Speed, Safety and Scalability: An Integrative Approach To Drug Development

Linda Cherry, Vice President

The COVID-19 pandemic has impacted every aspect of business differently, but perhaps one thing that every industry can agree on is that there is no playbook for moving forward. The expectations surrounding the industry’s rapid response to the pandemic required a change in approach across the entire bio pharmaceutical industry: every party involved in creating and developing COVID-19 assets had to find ways to accelerate therapy without sacrificing quality, safety and public trust.

The industry’s swift and radical path to COVID-19 asset approval has heightened the desire to examine how drug development lifecycles could be accelerated across other therapeutic areas. The traditional model for drug development— starting with a predetermined handoff from clinical to commercial—is no longer sustainable. An integrative approach to drug development—clinical and commercial teams working seamlessly through the process—may be the best strategic move forward for companies not only bringing COVID-19 drug therapies to market, but for all.
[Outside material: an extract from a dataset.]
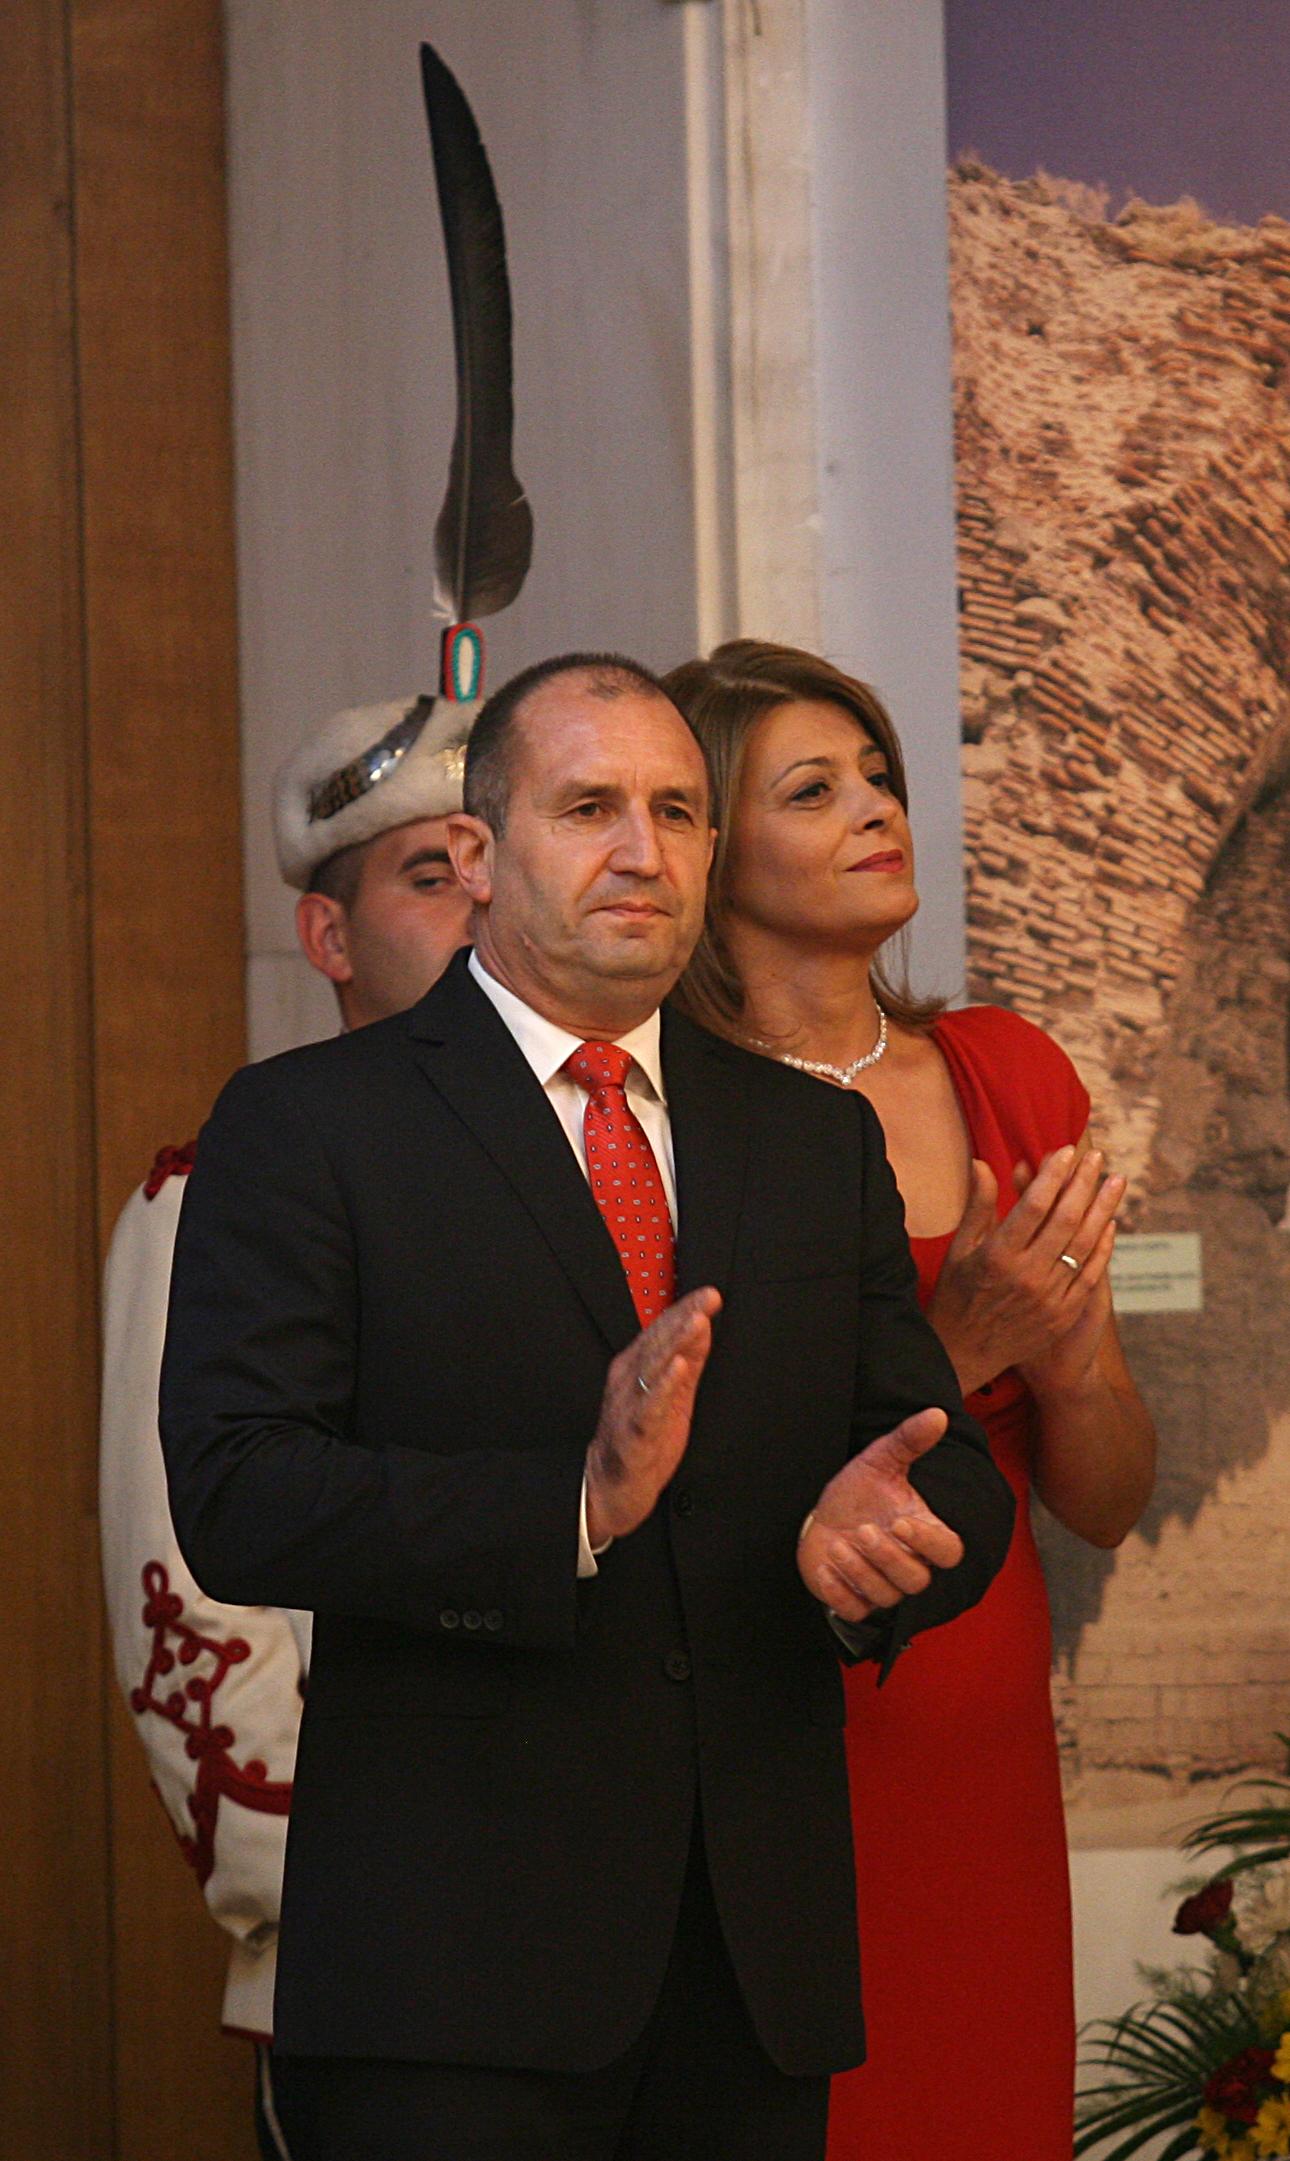 Президентът Радев също бе облечен в стилен черен костюм и червена вратовръзка в тон с роклята на първата дама.
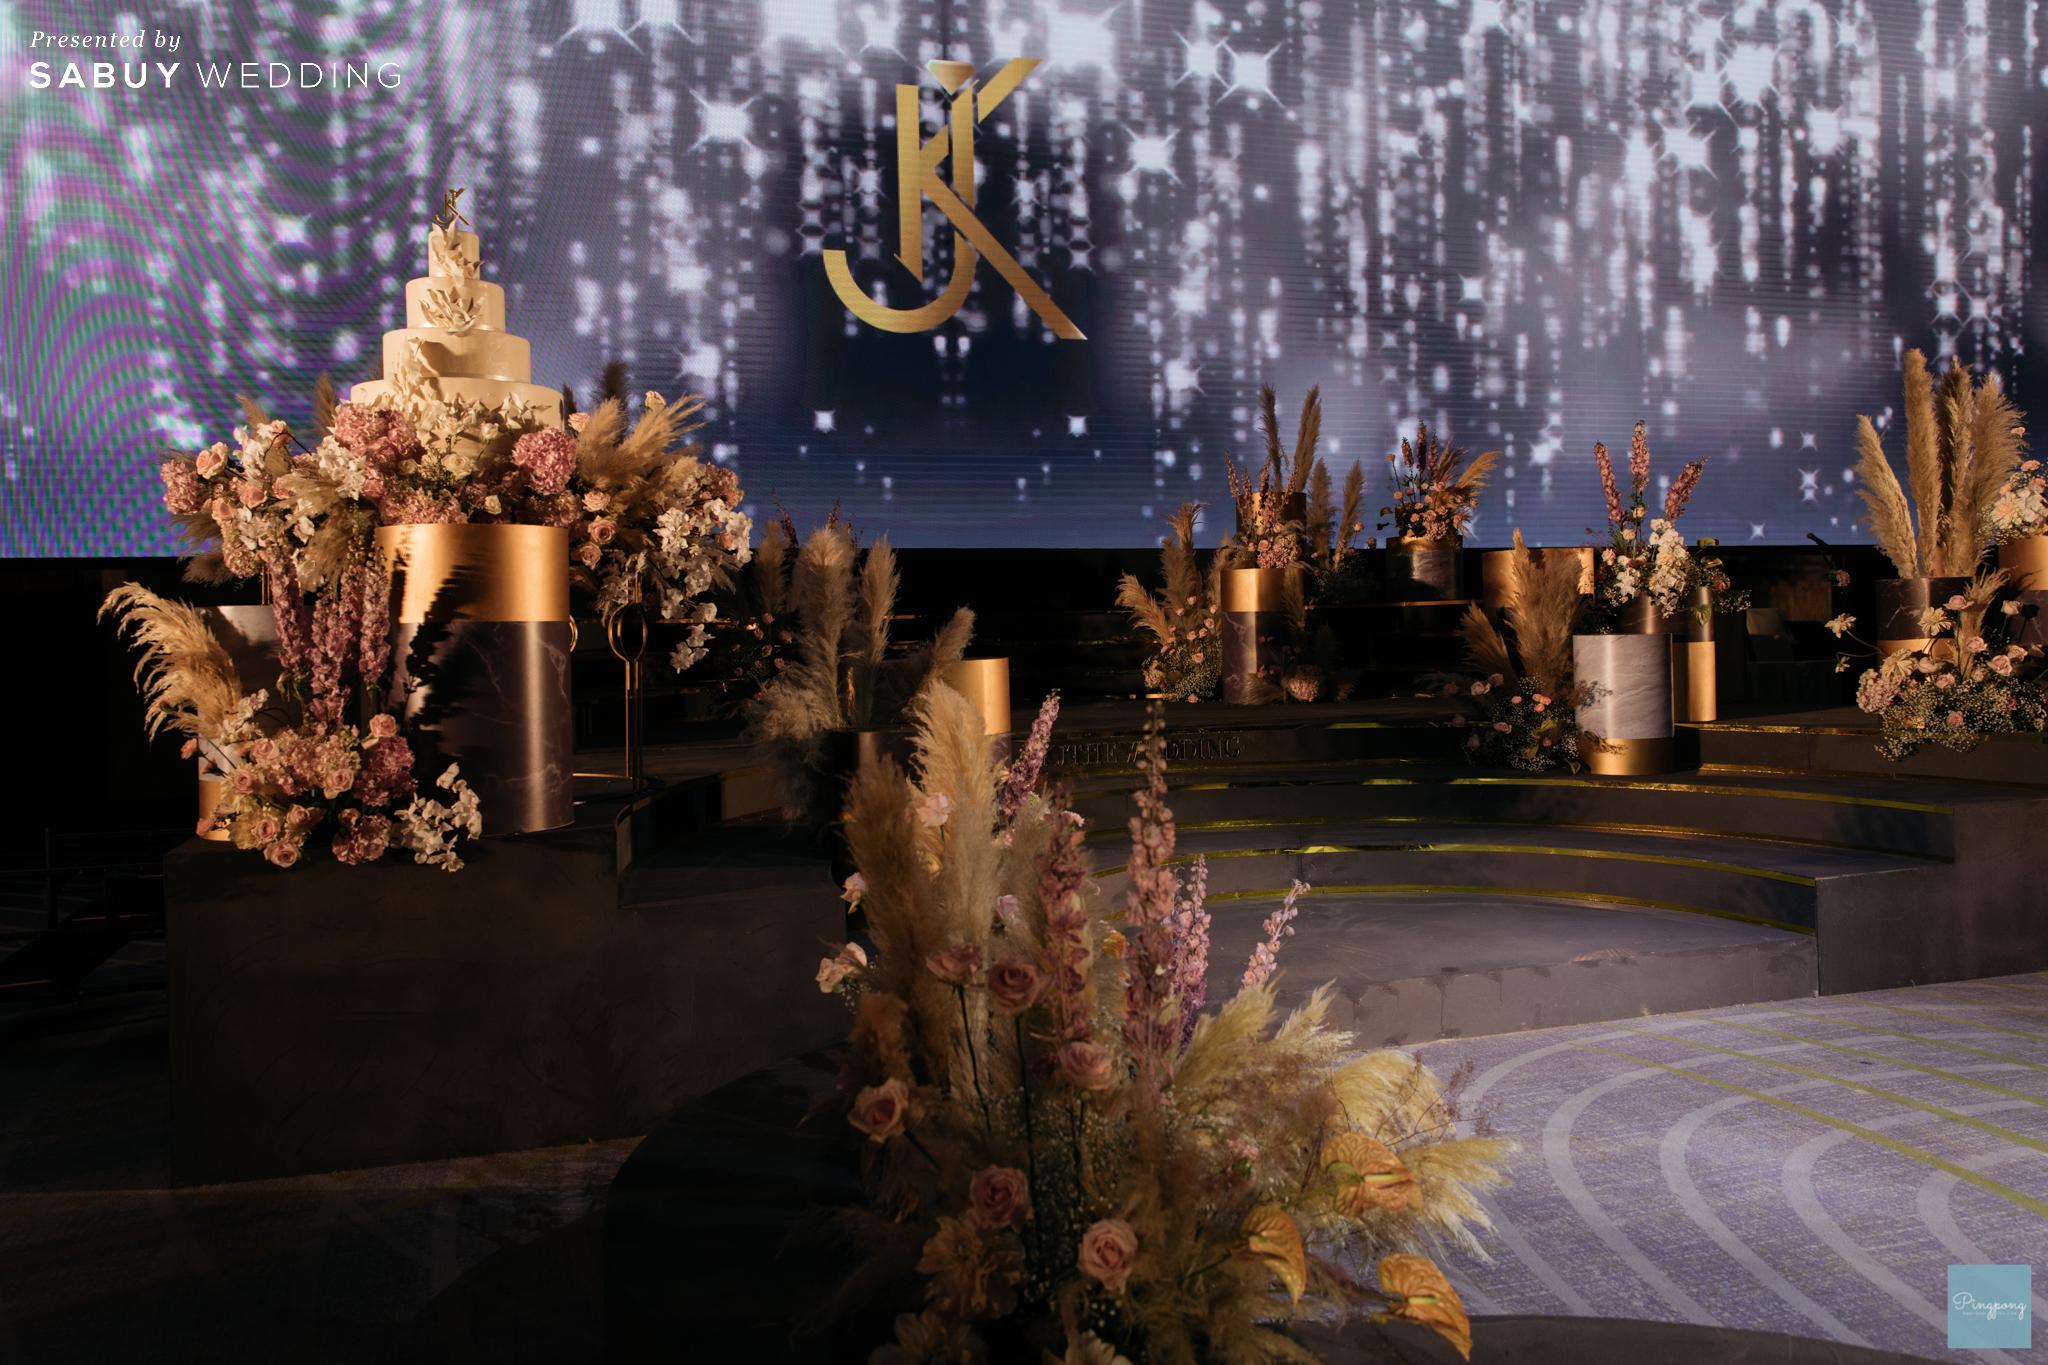 รีวิวงานแต่งสวยปังดูดี ด้วยโทนสีและจอ LED สุดอลัง @ Conrad Bangkok

WHY AN INTEGRATIVE APPROACH TO ASSET DEVELOPMENT?

The historical approach to asset strategy was based purely on regulatory approval considerations rather than a blend of regulatory, clinical, market access and commercialization insights at every stage of the development process. This contributed to the high number of clinical and commercial failures that we see in the industry today. Parallel processing regulatory, clinical, Real World Evidence (RWE) and commercialization activities conducted in an integrated manner strengthens the regulatory package, and can significantly reduce development timelines. The integrative model mitigates the risks inherent in drug development more effectively.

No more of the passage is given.